Lembro de, na minha infância, muitos programas aos quais assistia conterem um espaço para ensinar a crianças como fazer ou transformar alguns materiais em objetos úteis, como porta-retratos, quadros, etc. Talvez o que seria a origem dos tutoriais do youtube.

É a cultura do Faça Você Mesmo (traduzida do inglês, Do It Yourself – DIY), que nada mais significa o que o próprio nome diz: aprender como fazer sozinho. E, na moda, está em alta desde meados da primeira década do século 21.

Primeiro, foram os tutoriais de maquiagem, para, em pouco tempo, passar aos ensinamentos de como fazer turbantes até chegar a como customizar roupas e sapatos.

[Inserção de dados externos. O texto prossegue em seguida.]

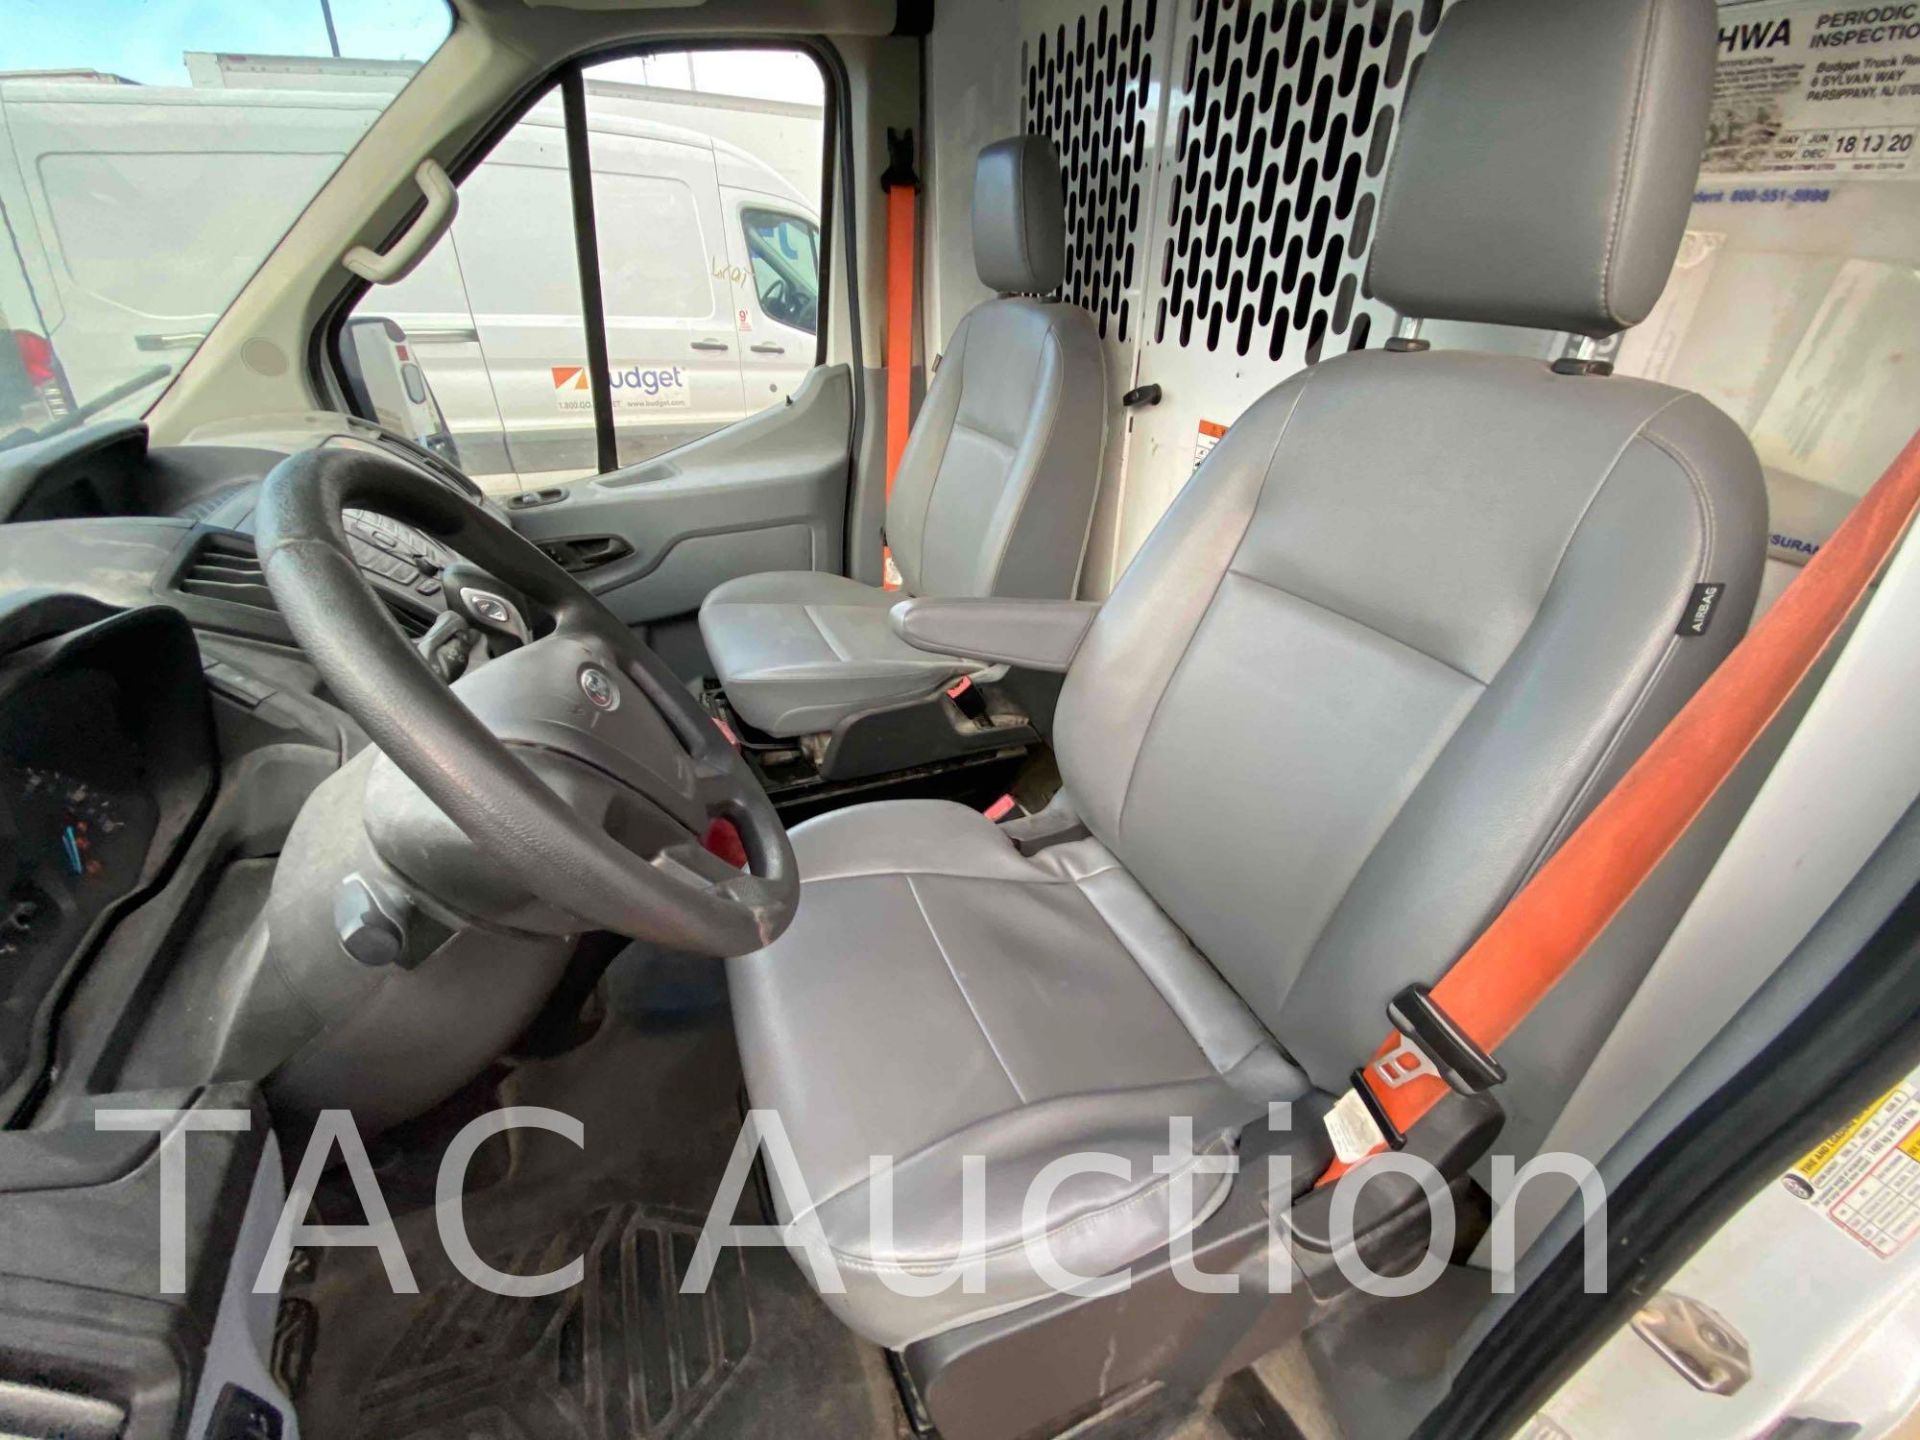 2019 Ford Transit 150 Cargo Van - Image 12 of 44

Segundo um relatório do WGSN, líder em previsão de tendências de moda e consumo, um dos motivos para a volta desse movimento é a crise – o mesmo motivo de quando foi criado, na década de 50, época no pós-guerra se incentivava o uso e conserto das coisas pelas próprias pessoas por falta de alguns materiais e mão de obra.

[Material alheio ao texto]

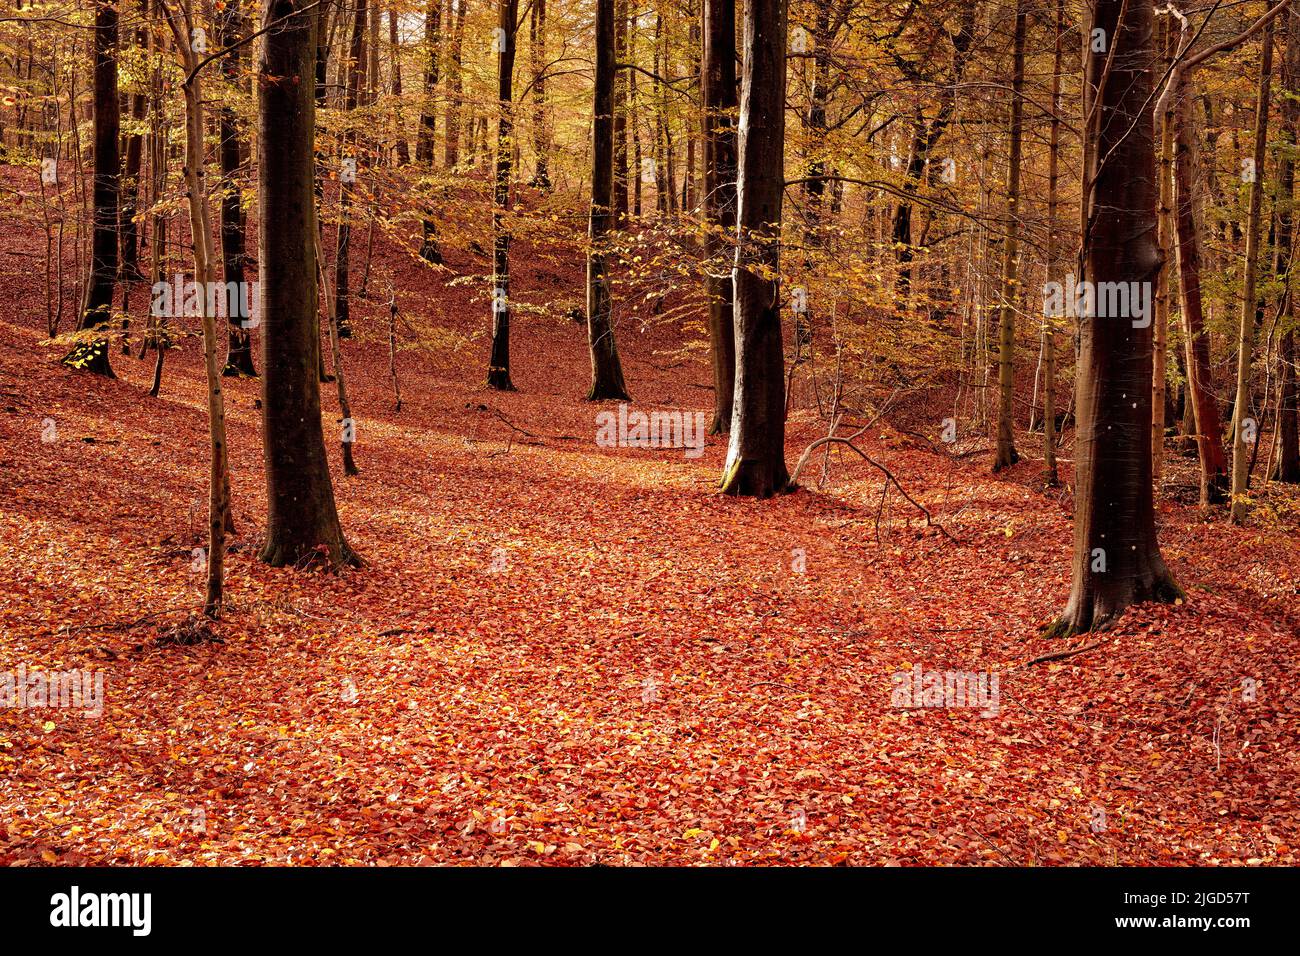 Schöne orange Farben des leeren Waldes im Herbst. Bäume in den Wäldern gefüllt mit hellen Blättern auf dem Boden während der Herbstsaison. Abgelegen, abgeschieden Stockfoto

Então, com a situação financeira mais apertada é preciso entender e pesquisar novas possibilidades para fazer as coisas. E muito desse movimento é, nada mais, do que o incentivo a não terceirizar o que podemos fazer tranquilamente, mas, em momentos de maior poder aquisitivo, acabamos contratando outros serviços, pelo simples fato de poder.

Mas, além disso, há dois outros importantes motivos: o consumo consciente e a personalização das peças.

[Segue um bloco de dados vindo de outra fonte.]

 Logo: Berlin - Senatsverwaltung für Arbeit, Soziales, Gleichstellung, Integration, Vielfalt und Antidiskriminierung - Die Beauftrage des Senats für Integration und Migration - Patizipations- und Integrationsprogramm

O consumo consciente de moda se propaga cada vez mais e, com ele, aumenta o número de pessoas a se questionarem sobre como as roupas são feitas, por quem e de que modo. Por isso, as pessoas optam por criar e modificar suas peças em vez de comprar algo que não sabem como é ou um serviço cujo preço é injustificável.

Ou elas mesmas as produzem. Nos últimos dois anos, aumentou a procura por cursos de crochê e tricô, por exemplo.

É a partir do faça você mesmo que se torna possível ter uma ideia do trabalho e custo de cada peça e aí já se pode saber quando o é um comércio justo e quando é apenas lucro pelo lucro. Esse entendimento incentiva um novo olhar para as roupas e novo hábito de consumo.

E mais: possibilita exercer a criatividade e colocar um pouco de si na roupa. Com o fast fashion, era possível vermos alguns “uniformes” (pessoas vestidas de forma idêntica – graças aos preços baixos e desejo pelas tendências).

Muitos se incomodam ao se perceberem nessa situação e buscam destaque através do estilo. Para se diferenciar, cresceu o número de pessoas em busca de novas formas de usar uma mesma peça.

Esse movimento já traz algumas mudanças no mercado de moda, como a criação de peças dupla face, por exemplo, ou peças que podem ser usadas tanto como vestidos ou saias.

Talvez o faça você mesmo, que surge em um momento de crise, possa nos mostrar novos caminhos para nossa relação com as roupas e possamos valorizar o trabalho artesanal e criativo.